(RECORDED INFORMATION begins)

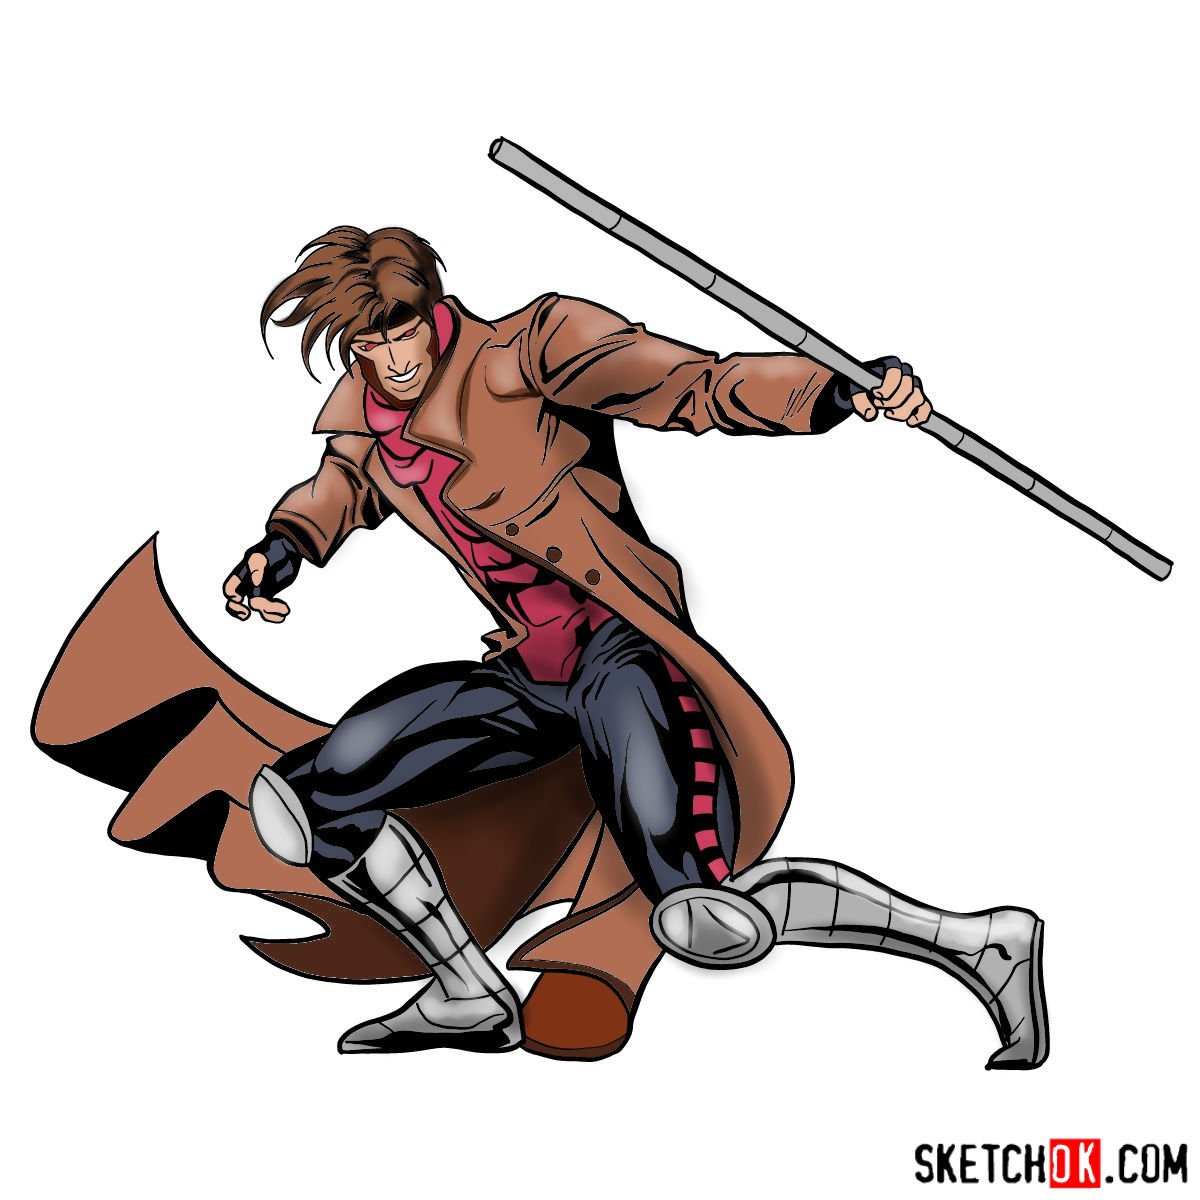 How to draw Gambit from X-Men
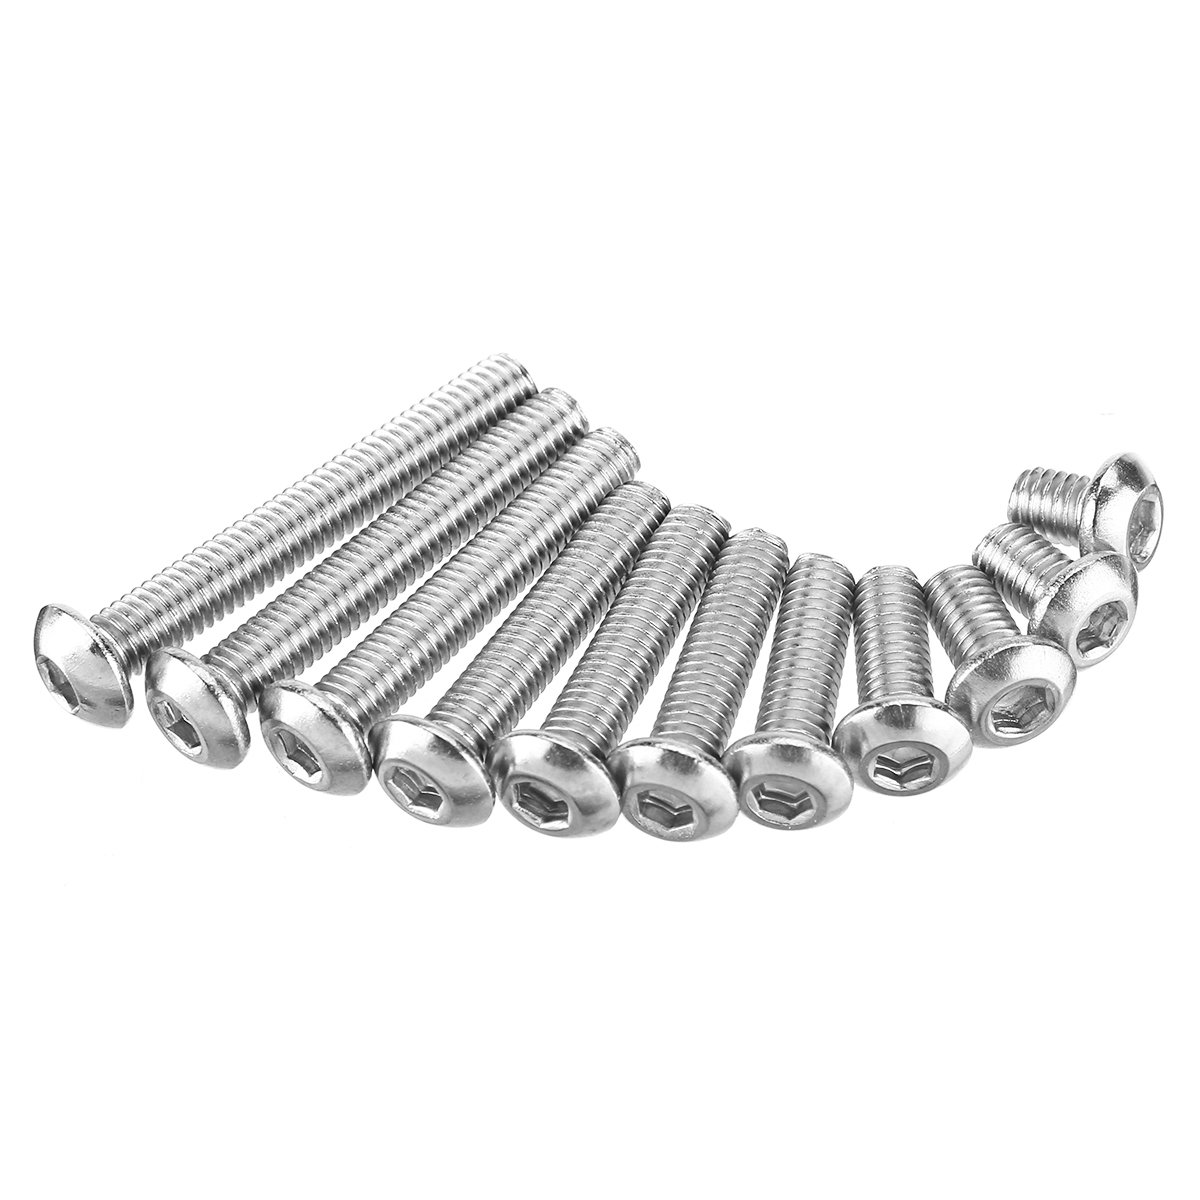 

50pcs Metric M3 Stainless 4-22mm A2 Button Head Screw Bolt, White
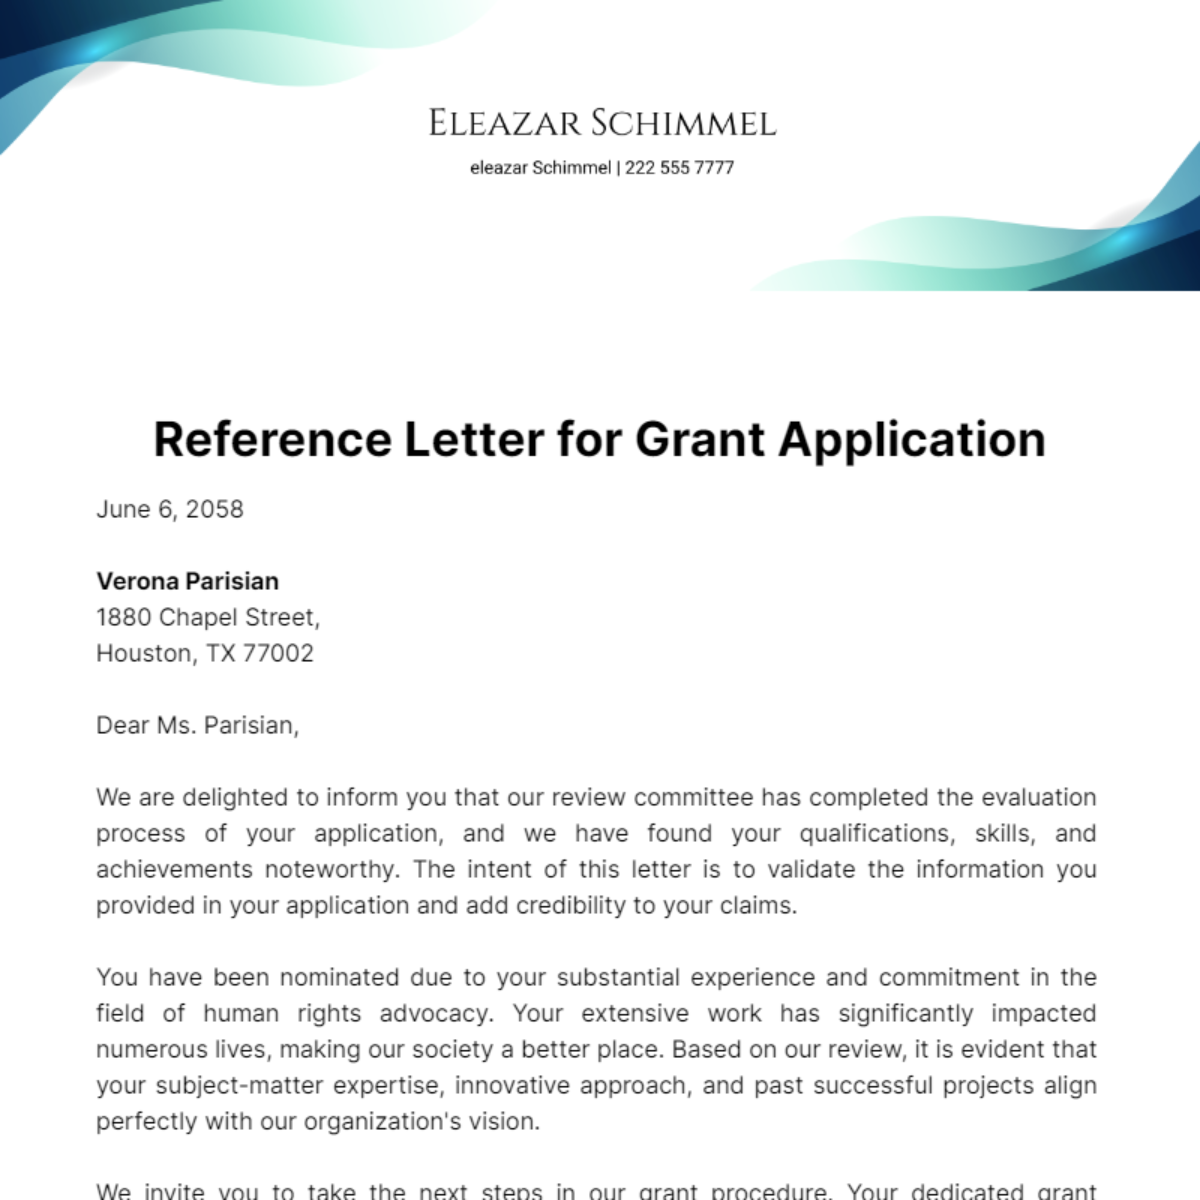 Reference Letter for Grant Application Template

(RECORDED INFORMATION ends)

Retype the line containing "50pcs Metric M3" and all lines after it to the end of the material, exactly as written, leaving out any pictures.

50pcs Metric M3 Stainless 4-22mm A2 Button Head Screw Bolt, White
 Reference Letter for Grant Application Template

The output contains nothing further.